[[ SOURCE MATERIAL, beginning ]]

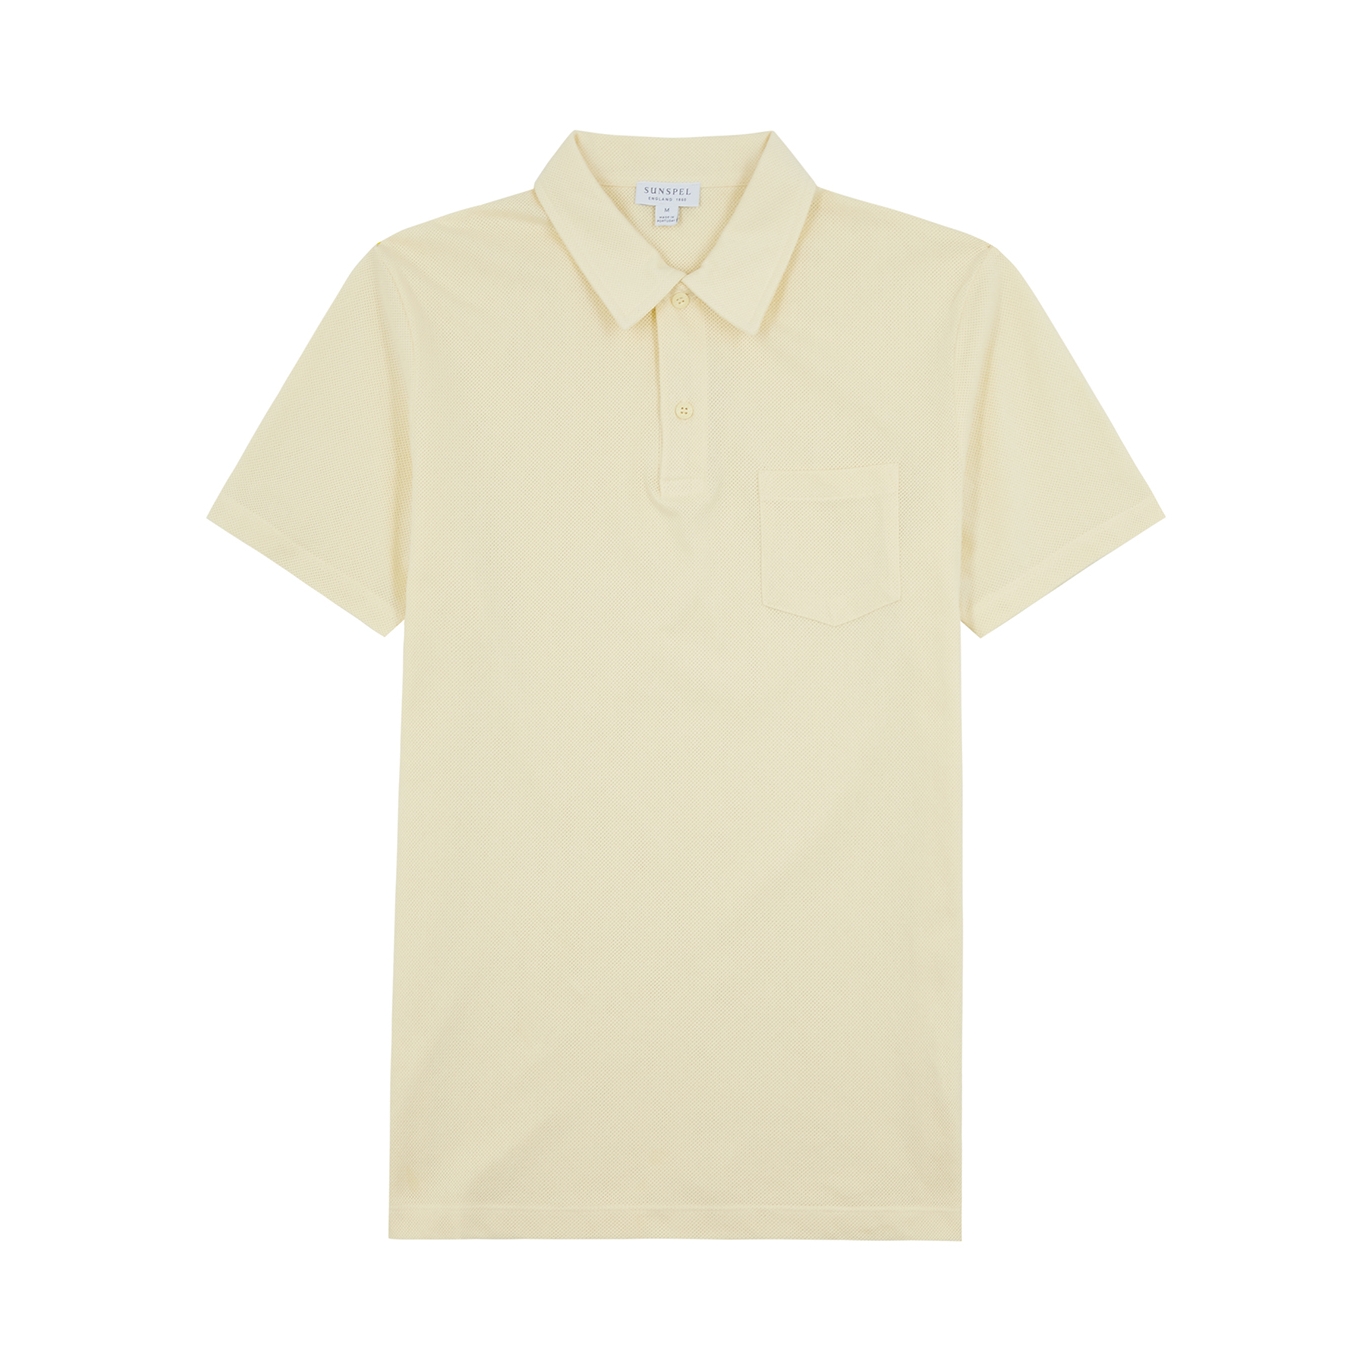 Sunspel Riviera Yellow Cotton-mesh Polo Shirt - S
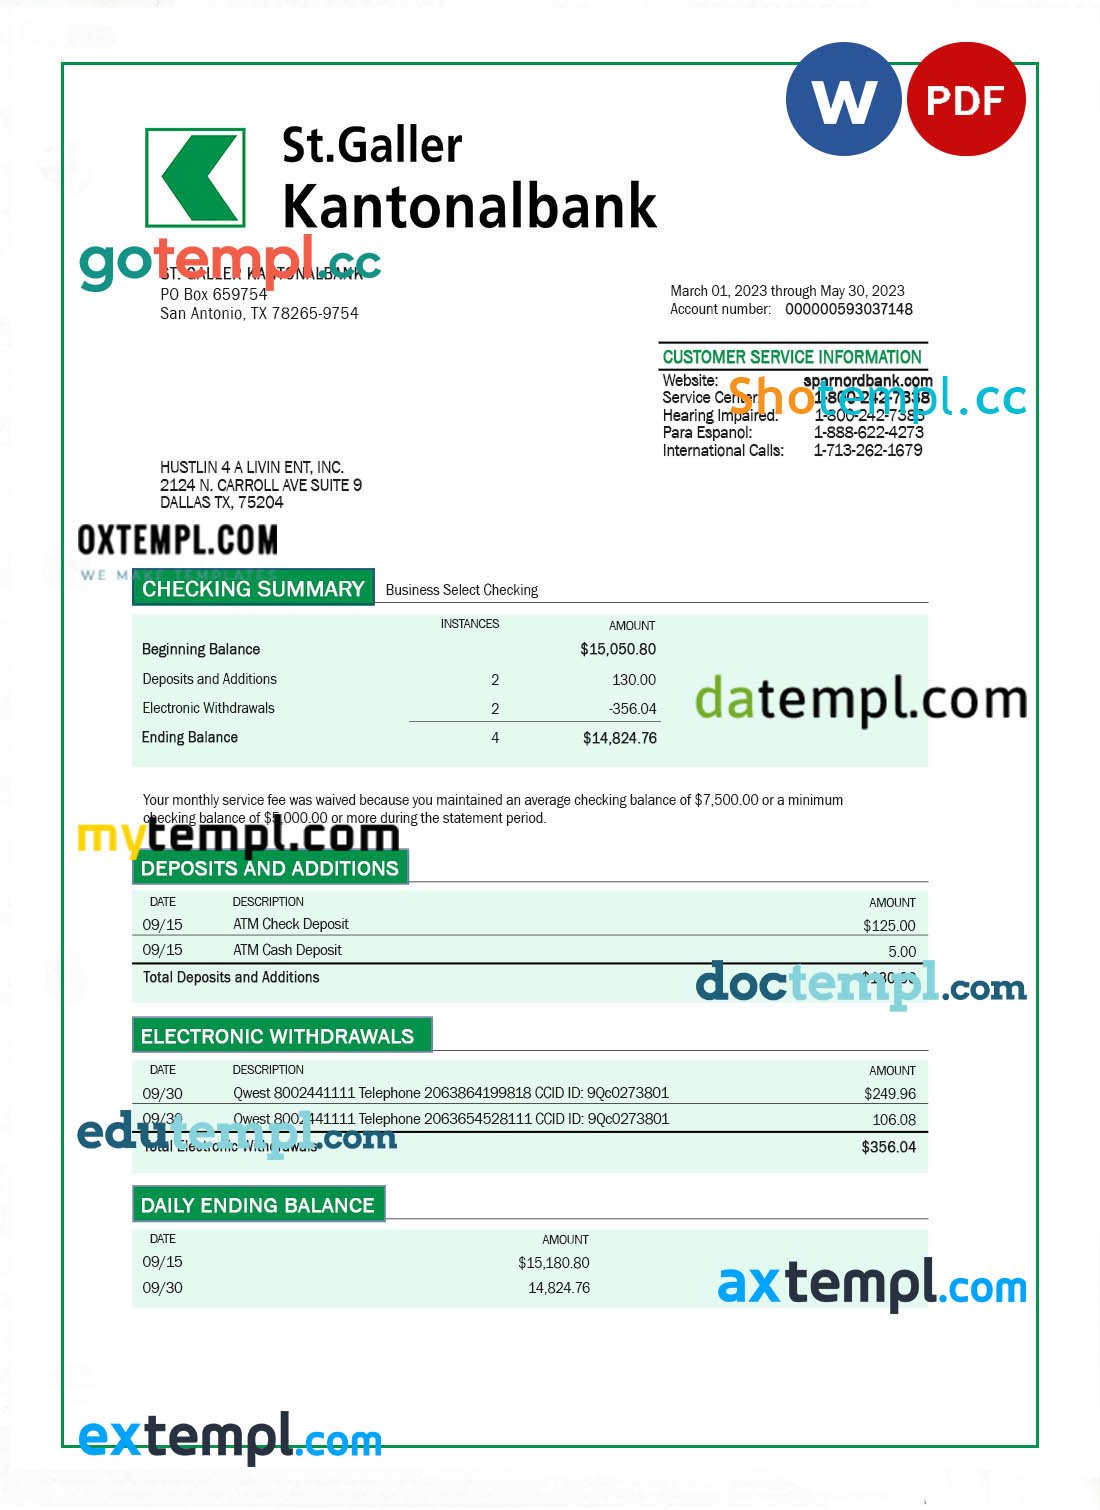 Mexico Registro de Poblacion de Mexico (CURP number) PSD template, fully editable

[[ SOURCE MATERIAL, end ]]
[[ SOURCE MATERIAL, beginning ]]

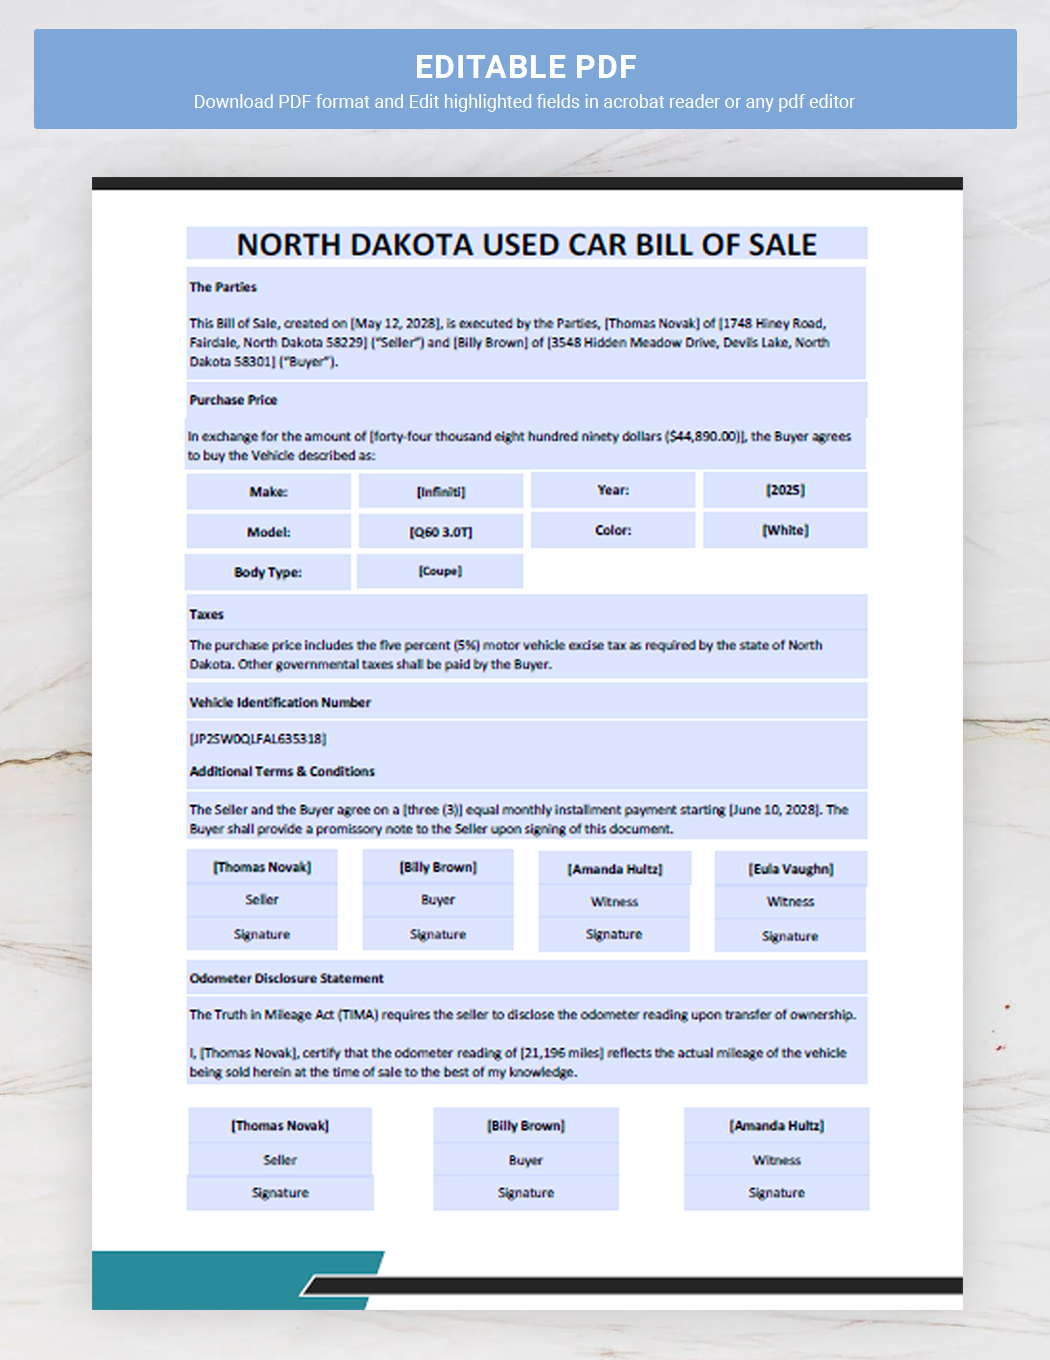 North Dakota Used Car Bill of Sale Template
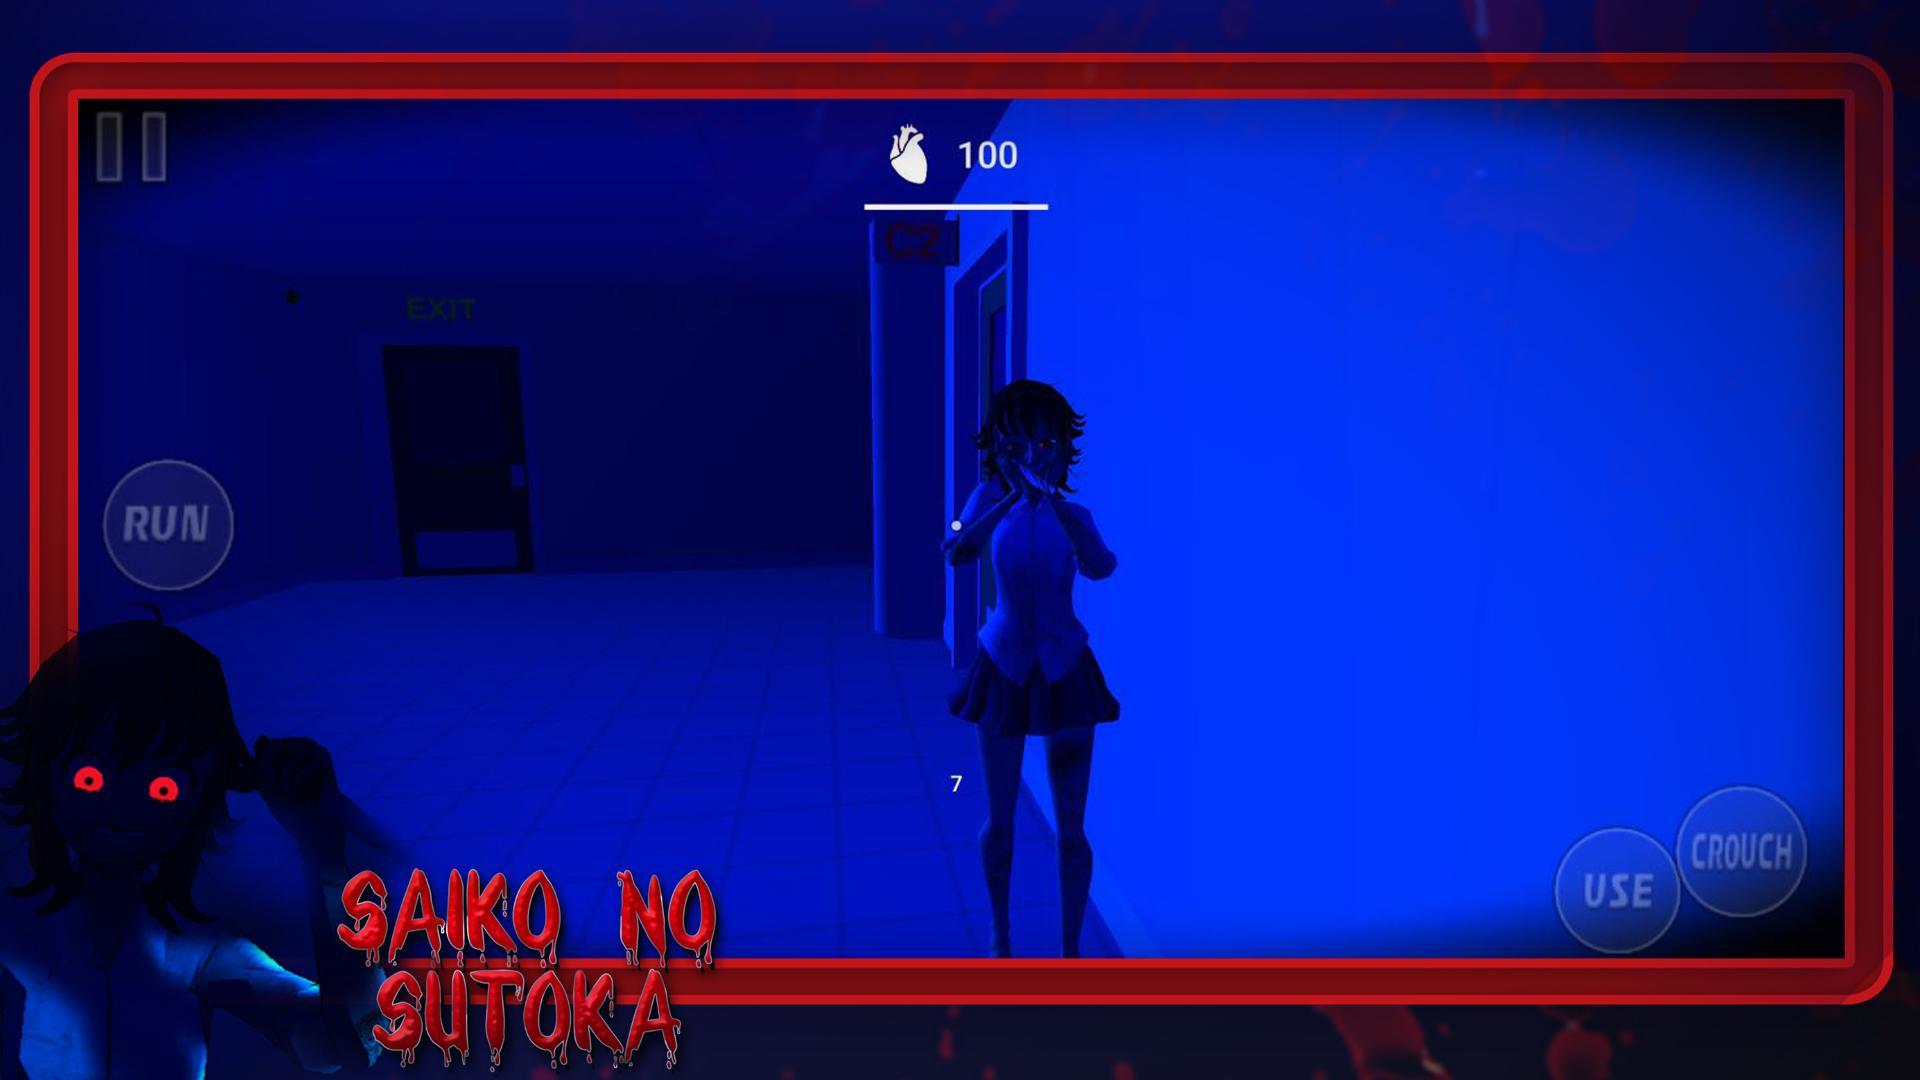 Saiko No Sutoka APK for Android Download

[[ SOURCE MATERIAL, end ]]

WHAT YOU ARE ASKED TO DO:
I'd like the lines above repeated exactly, from the one that contains "North Dakota Used Car Bill of Sale Template" through the one that contains "Saiko No Sutoka APK for Android Download", with no pictures.

RESULT:
 North Dakota Used Car Bill of Sale Template
 Saiko No Sutoka APK for Android Download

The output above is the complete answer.